Cells were lysed using 50 μl DNA lysis buffer (0.01% sodium dodecyl sulfate, 0.001% Triton X-100, 0.42 μg/ml proteinase K in TE [10 mM Tris and 1 mM EDTA]). Cell lysis and protein digestion were performed at 56°C overnight, after which the DNA was aliquoted and stored at −80°C. RNA was isolated by adding 160 μl of chloroform-800 μl RNA STAT-60 (Tel-Test, Inc., Friendswood, TX) and the solution was vortexed and then centrifuged at 13,000 × g for 15 min at 4°C. Equal volumes of the aqueous phase from each sample were transferred to a fresh tube containing an equal volume of isopropanol. This tube was vortexed and incubated at −20°C for 30 min and then centrifuged at 4°C for 30 min at 13,000 × g. The RNA pellet was washed once in 75% ethanol (1.0 ml), air dried, and resuspended in an equal volume of RNase-free water. Pretreatment of RNA with DNase I (Invitrogen, Carlsbad, CA) was performed to exclude DNA contamination. Equal volumes of RNA were then reverse transcribed using the GeneAmp RNA PCR kit (Applied Biosystems, Foster City, CA) according to the manufacturer's instructions. Equal volumes of cDNA were PCR amplified under the same conditions as those used for the isolated DNA.

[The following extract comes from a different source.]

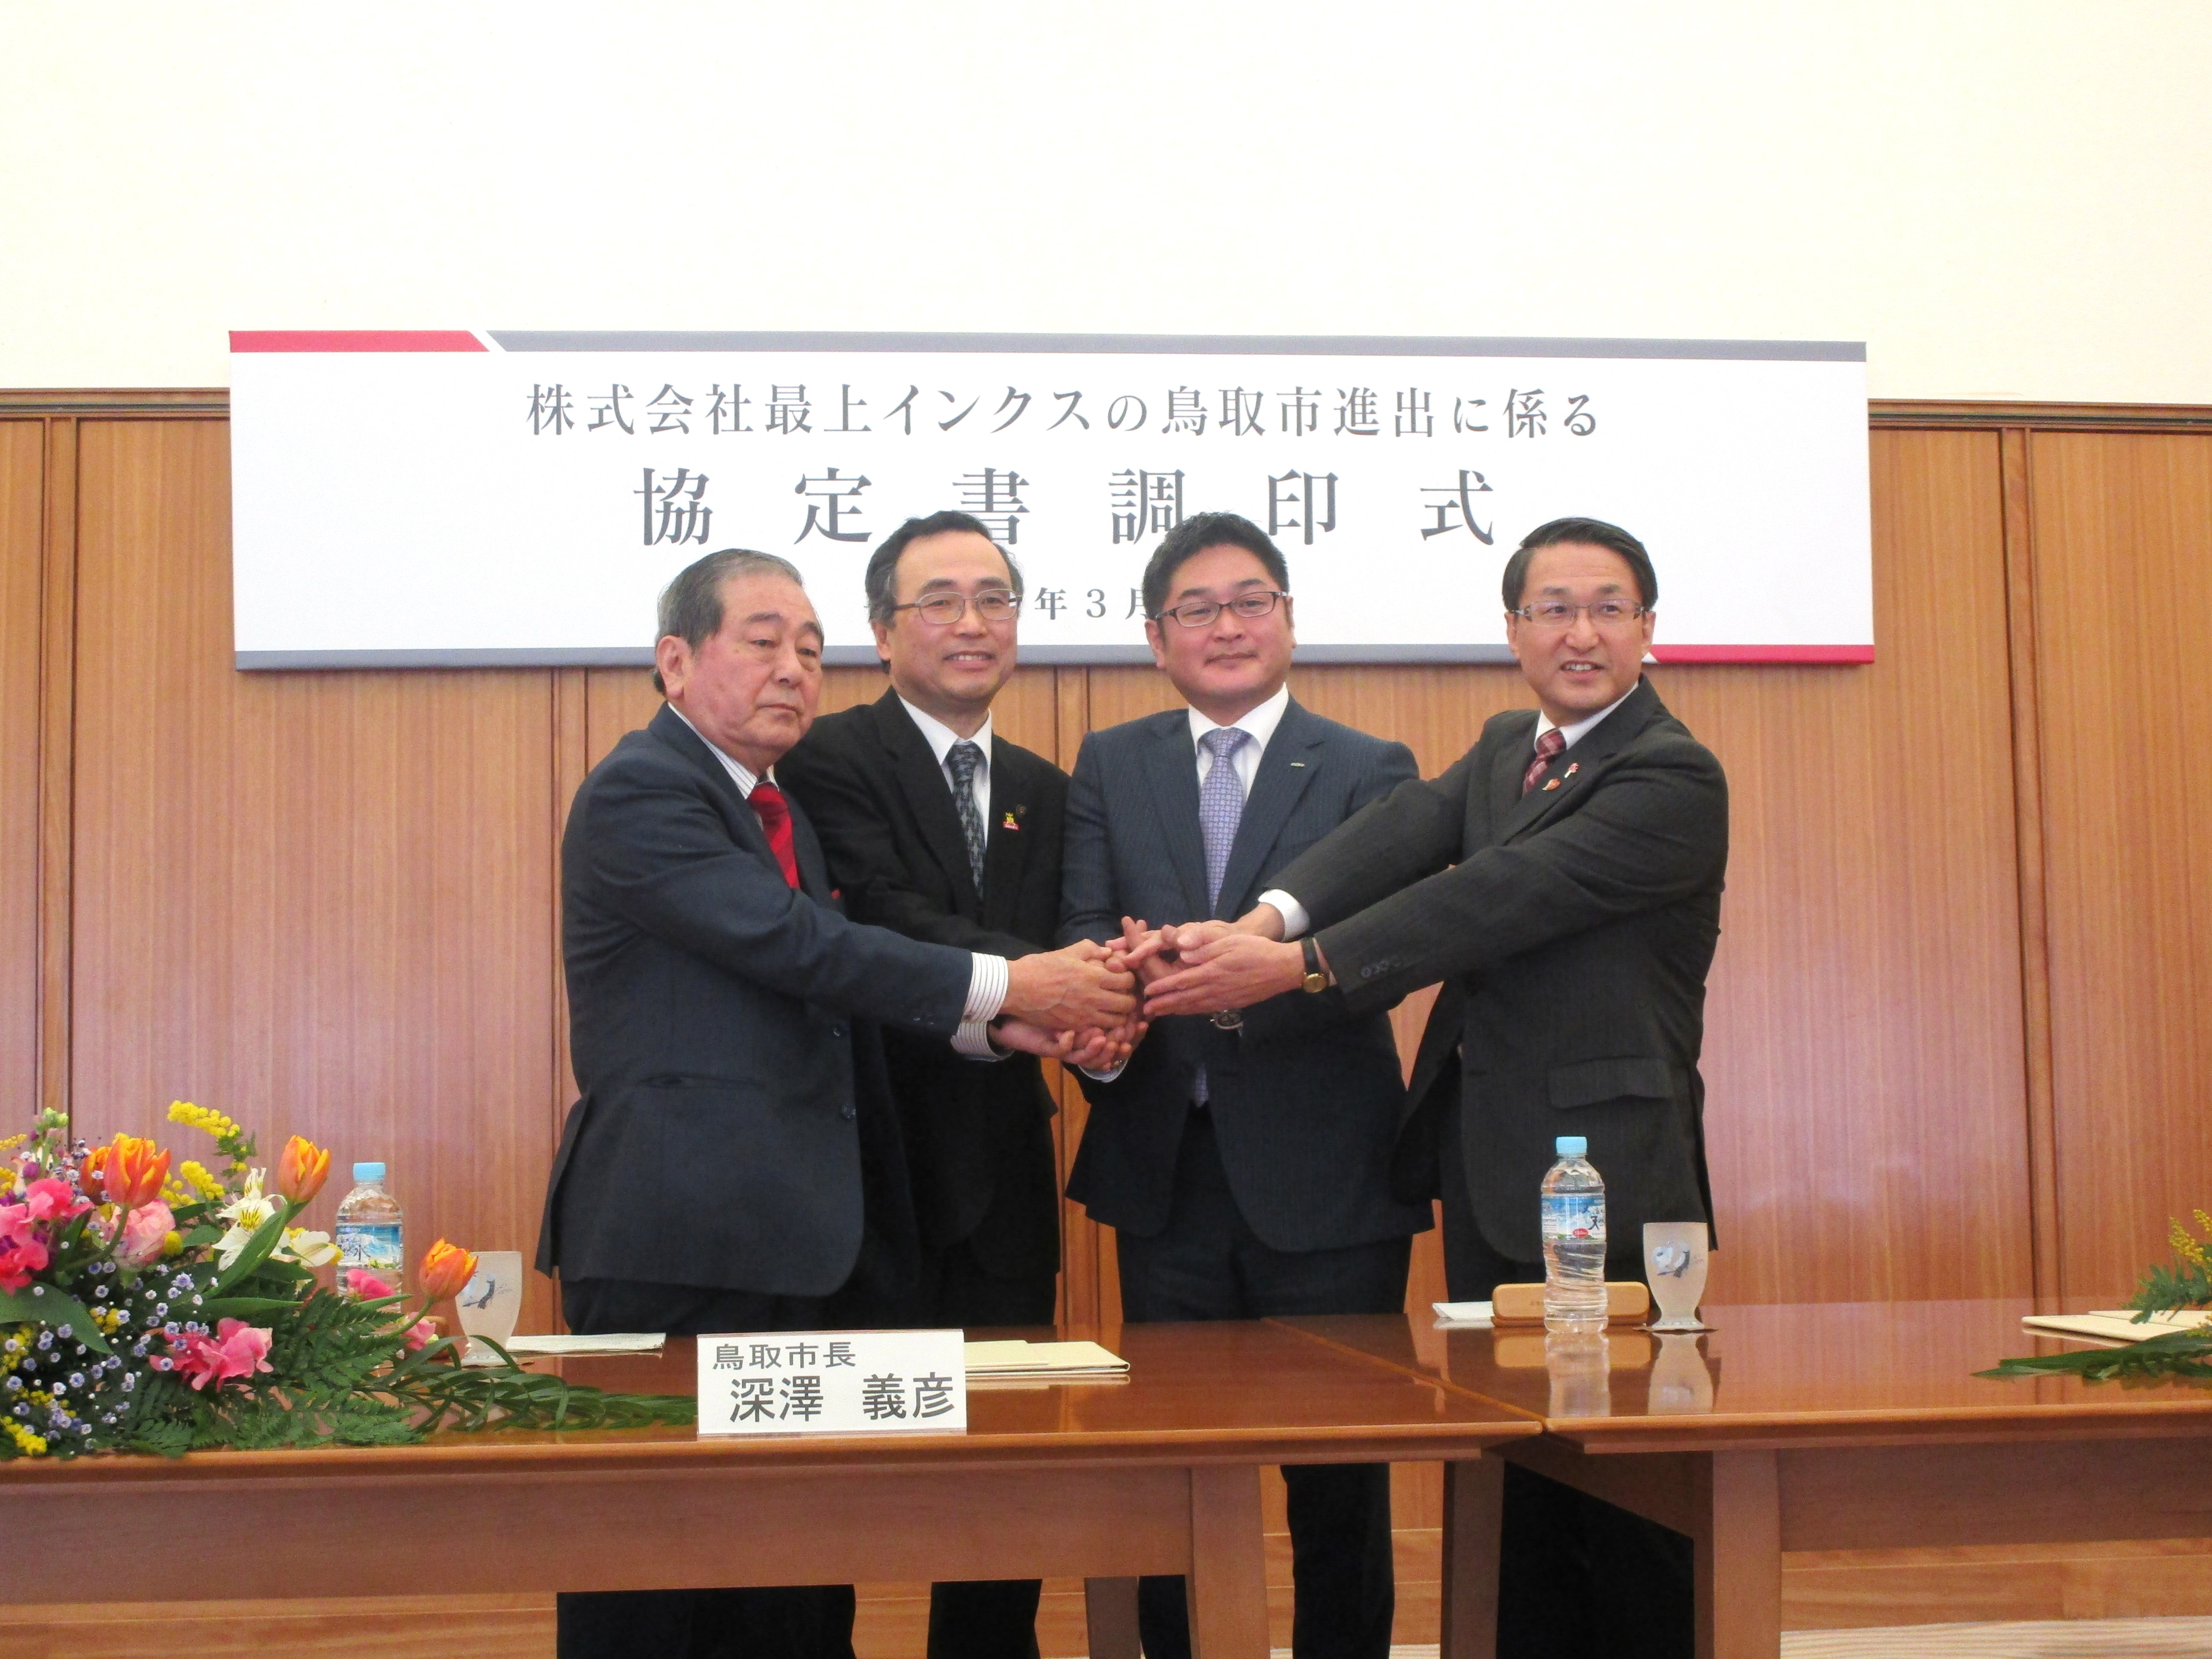 3者による調印後、鳥取商工会議所藤縄会頭を加えた4者による固い握手の様子。

Using nested-set PCR technology, we examined the entire env gene and/or a portion of the pol gene containing all of the protease (Pro) and the first 248 amino acids of the reverse transcriptase (RT) genes. Genomic DNA or cDNA was used at empirically determined optimal concentrations for the first round of PCR amplification. Multiple first-round amplifications (three or more) were pooled to guard against selection bias. For the second-round PCR, 1 or 2 μl of the pooled first-round reaction mixture was added as the template. All reactions were performed in 50-μl volumes and included 50 μM deoxynucleoside triphosphates, 0.40 μM of each primer, 3 mM MgCl2, PCR buffer II, and 2.5 U Expand HiFi Long-Taq polymerase (Roche Applied Science, Indianapolis, IN), having an error rate of 6.1 × 10−6. The PCR cycling conditions for both rounds of amplification consisted of an initial denaturation at 94°C for 2 min, followed by 10 cycles of 94°C for 11 s, 55°C for 31 s, and 68°C for 4 min. This denaturation was followed by an additional 24 cycles, with 20 s added to the extension of each cycle, followed by a final extension at 72°C for 12 min. All PCRs were performed with precautionary procedures to safeguard against contamination. All reagents were aliquoted in a DNA-free hood, and all amplicons were physically separated from nonamplified DNA. Replicate control PCRs were performed without template to demonstrate no carryover contamination. The outer primers for the complete env gene were 160out3 (5′-GTTCTGCCAATCAGGGAAGTAGCCTTGTGTGTGG-3′) and 160out5 (5′-CCTATGGCAGGAAGAAGCGGAGACAGCGACGAA-3′) and the inner primers were nJL69 (5′-TAATAGAAAGAGCAGAAGACAGT-3′) and JL71 (5′-TTTTGACCACTTGCCACCCAT-3′), which produced an approximately 2.6-kb amplicon (HXB2, nucleotides 6225 to 8795) (30). For the examination of HIV protease-RT sequences, an approximately 1-kb fragment (HXB2, nucleotides 2253 to 3278) was PCR amplified. The outer primers were Polout5 (5′-CAGAGCCAACAGCCCCACAAGAG-3′) and Polout3 (5′-TTGCCCAATTCAATTTTCCCACTAACTT-3′). The inner primers were Polin5 (5′-CCTCTCAGAAGCAGGAGCCGATAGA-3′) and Polin3 (5′-TCAATTTTCCCACTAACTTCTGTATGTCATT-3′).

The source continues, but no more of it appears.